Like there is no. Right. Or protection given to trans people that weakens anything for cisgender women. Like it is, it’s not. And in fact, it strengthens the position of cisgender women too, because like I said, our oppression is your oppression. I think the way to maybe have this conversation is to really break down what, what we’re talking about, like kind of in a larger scope.

For example, let’s take the example of like sports, because sports is an area where the ruling class and the reactionaries are really able to hammer away at this like biological question, right? Of saying, well, cisgender women are inherently weaker than. Than men, right?

Like, and therefore, you know, these trans women can identify however they want, but there’s like a biological reality that says they’re always gonna be stronger and superior to the cisgender women. So I think a great example of how this is kind of nonsense is what’s happening in the Olympics right now and the attempts to come up with.

Standards by which they can exclude trans women without saying they’re excluding trans women and just being openly discriminatory, they’re trying to base it in like a scientific basis or whatever. Because that’s kind of the basis of that ideology as well, it’s facts, it’s just nature, it’s science.

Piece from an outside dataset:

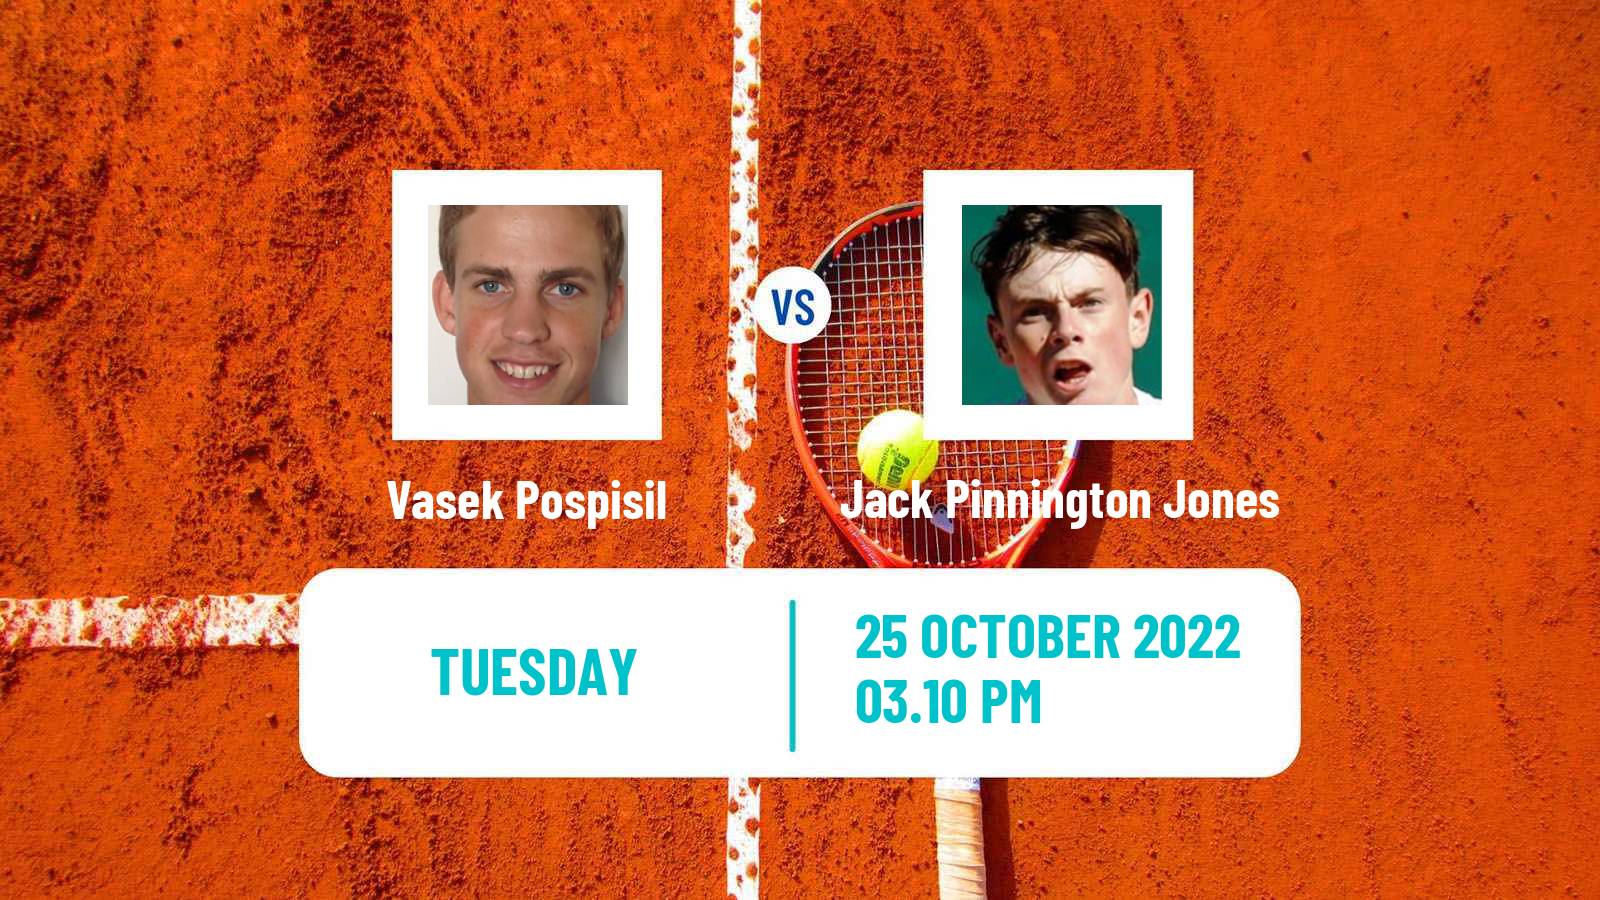 Tennis ATP Challenger Vasek Pospisil - Jack Pinnington Jones

You can’t argue with this stuff. Ignoring the question of like, who, who wrote that science? You know? So but also like what is the ideology spun off of that science? And so you have all of these cisgender women nearly all of whom are black by the way, being Excluded by their, biological standards for womanhood in the Olympics.

People like Caster Semenya and so many others who are being excluded. And being told you’re not biologically woman enough to compete in the in the women’s categories in the Olympics because you have a certain amount of testosterone in your system. And we judge that. That’s like, you know what I mean?

They’re trying to exclude trans women and wind up attacking cis women and there’s actually no way that you can attack. Trans women on that level without excluding cis women, without excluding an enormous volume of people who are in the middle, intersex people, and so on. So that’s part of it.

I think it’s also worth on the question of like biology. Like I think it’s important for people to– and you talked about history and knowing the history and where we come from, it’s important for people to know that earlier, generations of feminists and women’s liberation activists couched their fight for liberation in a fight against biology.

Not against biology, but against the ideology of biology. Because the thing is, in biology, there’s no such thing as men and women, right? There is two different body types, broadly speaking, that are necessary for reproduction. And we decided that those would be called men and women and that it would be mutually exclusion, exclusive, and that they would, you know, that all of humanity would be divided.

Indeed, all of creation would be divided into those kinds of things. Now, From a biological point of view, if you wanna talk about science, the reason that these two different aspects of reproductive roles exist is just, that’s the easiest way to generate a very, very wide scope of genetic difference.

If you just, cause it’s possible, there’s a lot of creatures in the world that reproduce asexually. They just, they bud, they split, you know, whatever themselves. And when they do that, they make genetically identical pieces of themselves. You know, the only way that differentiation arises is when there’s a like a random defect or a random change or something that happens on the chemical level.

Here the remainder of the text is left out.